> **WHAT THE TASK REQUIRES**
Your output should be the lines below from the one holding "Click to enter" through the one holding "SIMPLE DIGITAL SECURITY", transcribed exactly, with no pictures.

> **MATERIAL SUPPLIED**
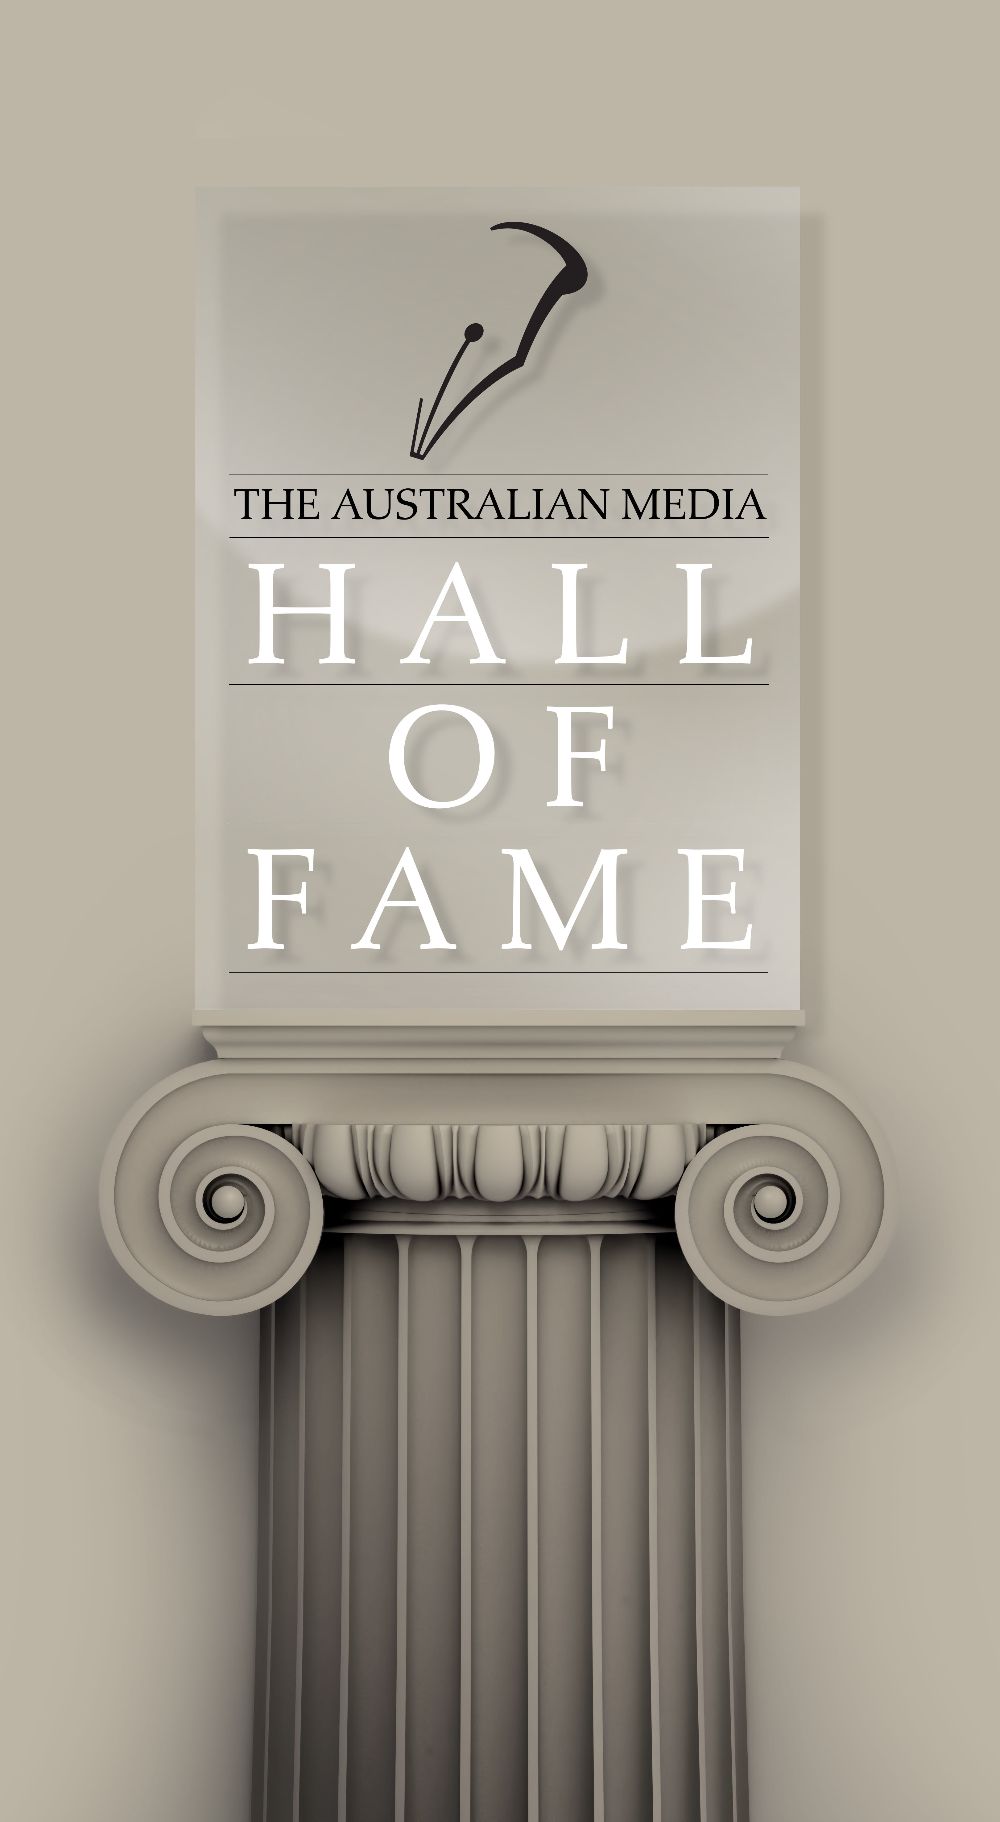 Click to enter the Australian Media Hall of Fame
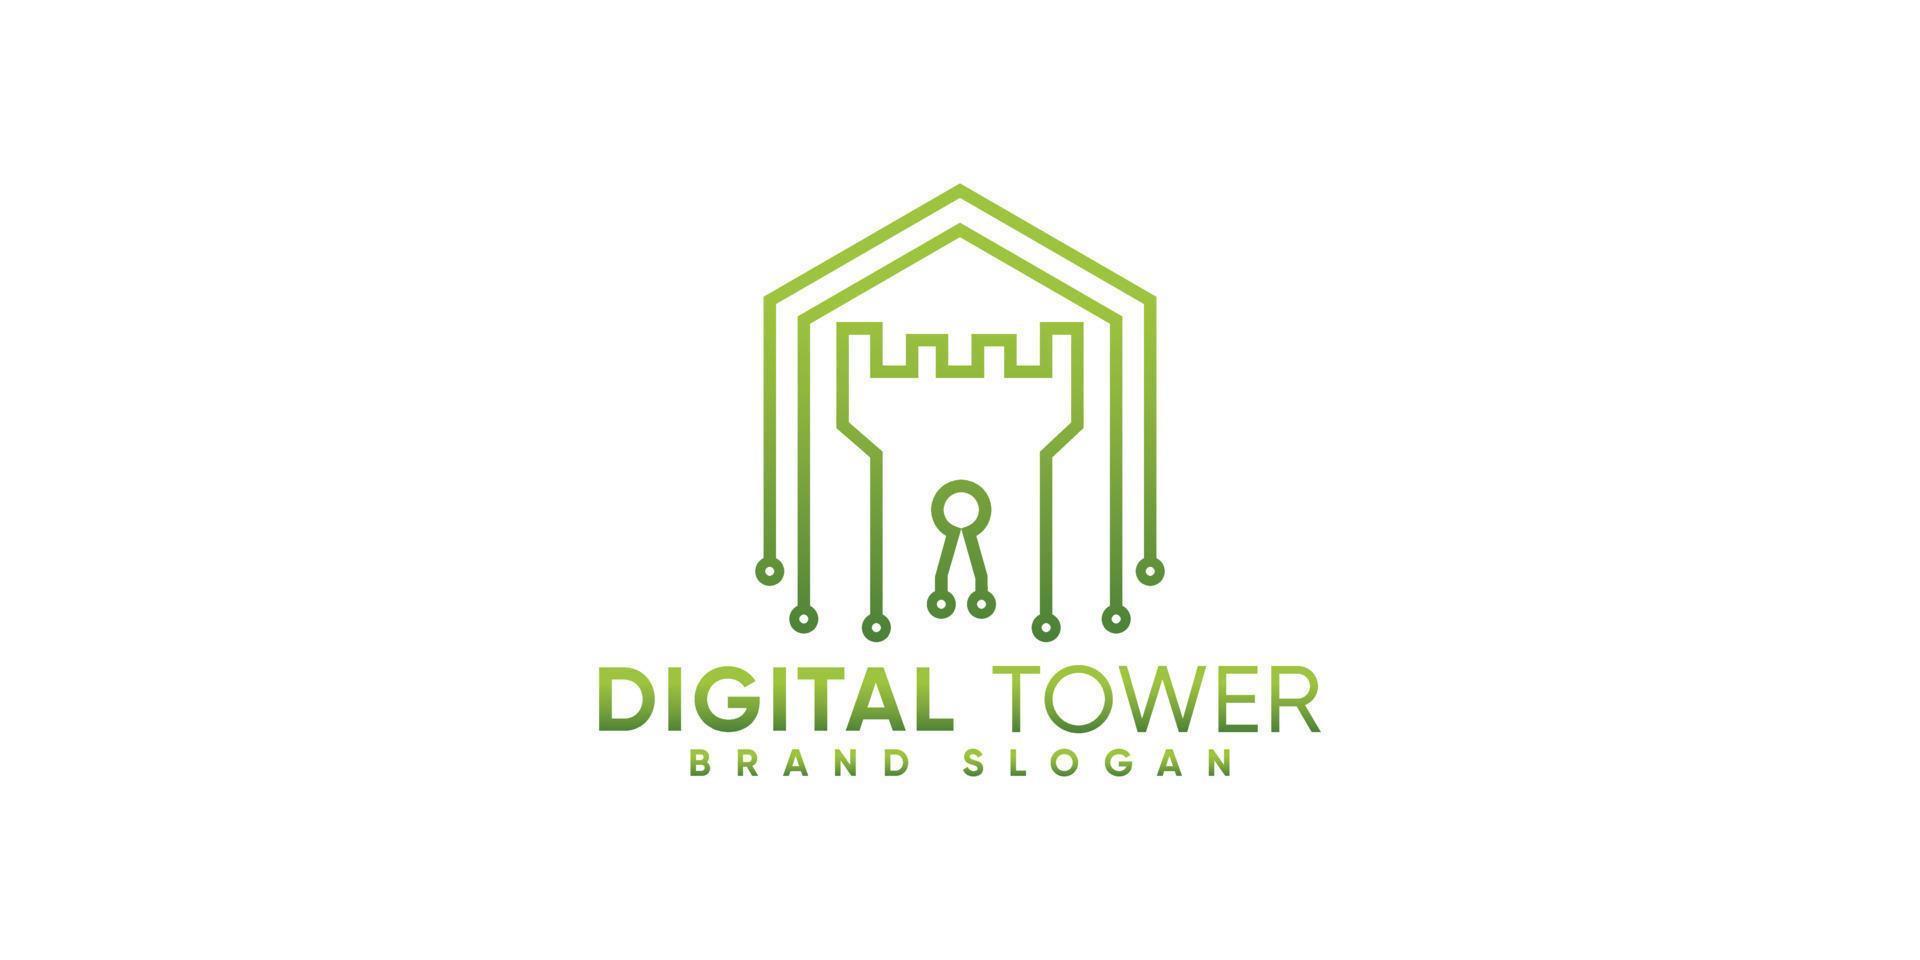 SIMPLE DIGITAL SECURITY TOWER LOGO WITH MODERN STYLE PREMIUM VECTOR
---
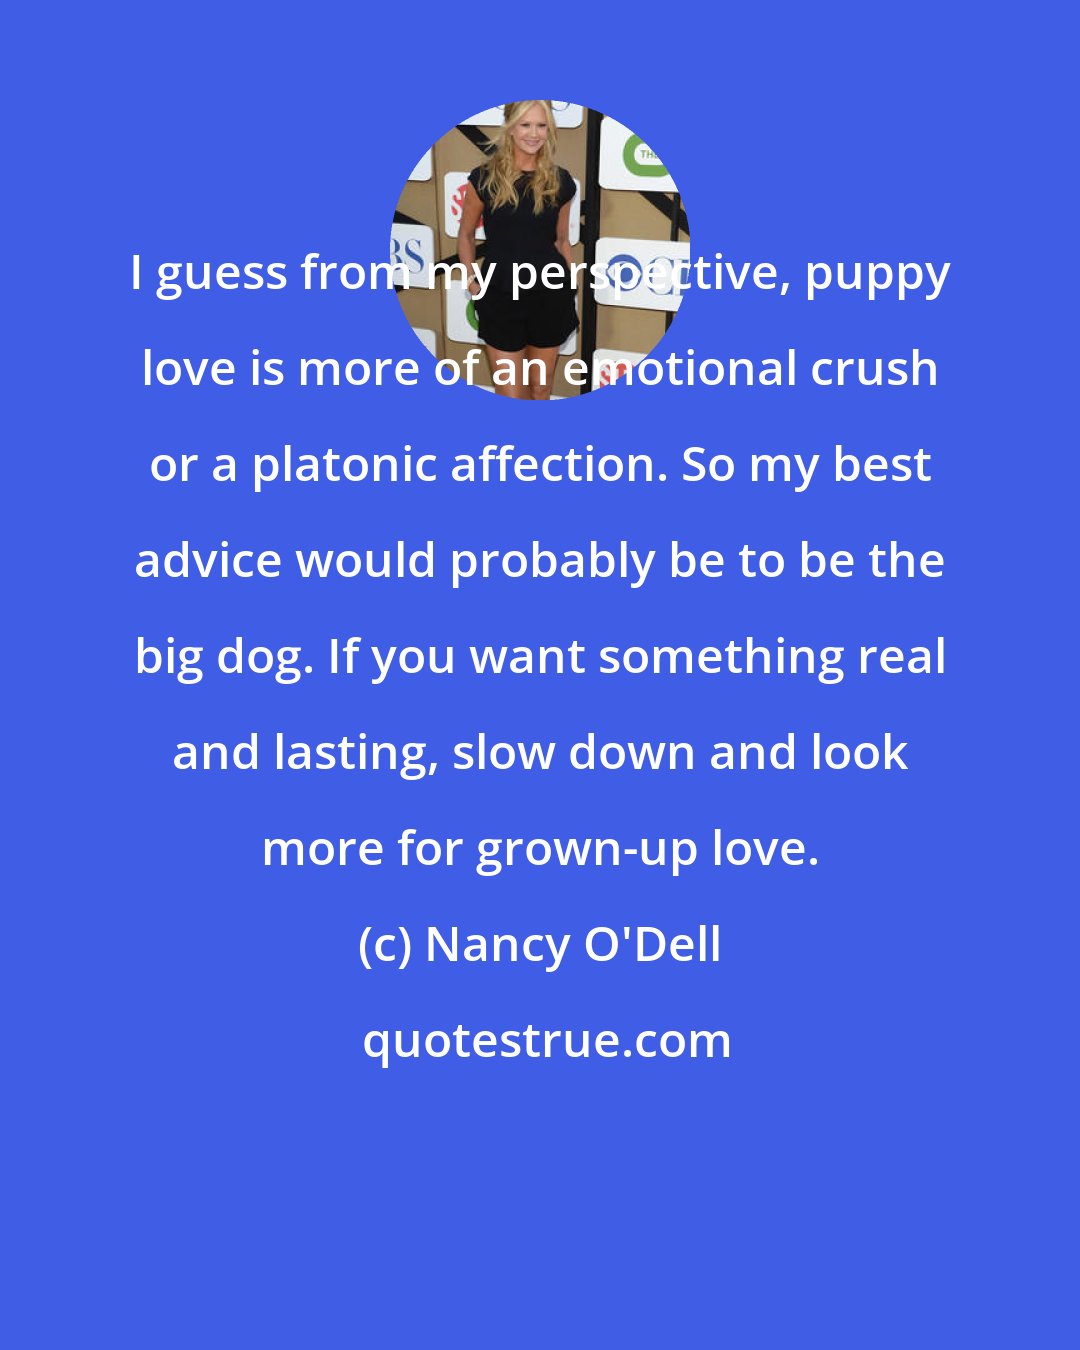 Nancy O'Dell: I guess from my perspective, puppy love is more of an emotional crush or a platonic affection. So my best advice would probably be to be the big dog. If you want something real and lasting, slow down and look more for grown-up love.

> **SOLUTION FOR THIS TASK**
 Click to enter the Australian Media Hall of Fame
 SIMPLE DIGITAL SECURITY TOWER LOGO WITH MODERN STYLE PREMIUM VECTOR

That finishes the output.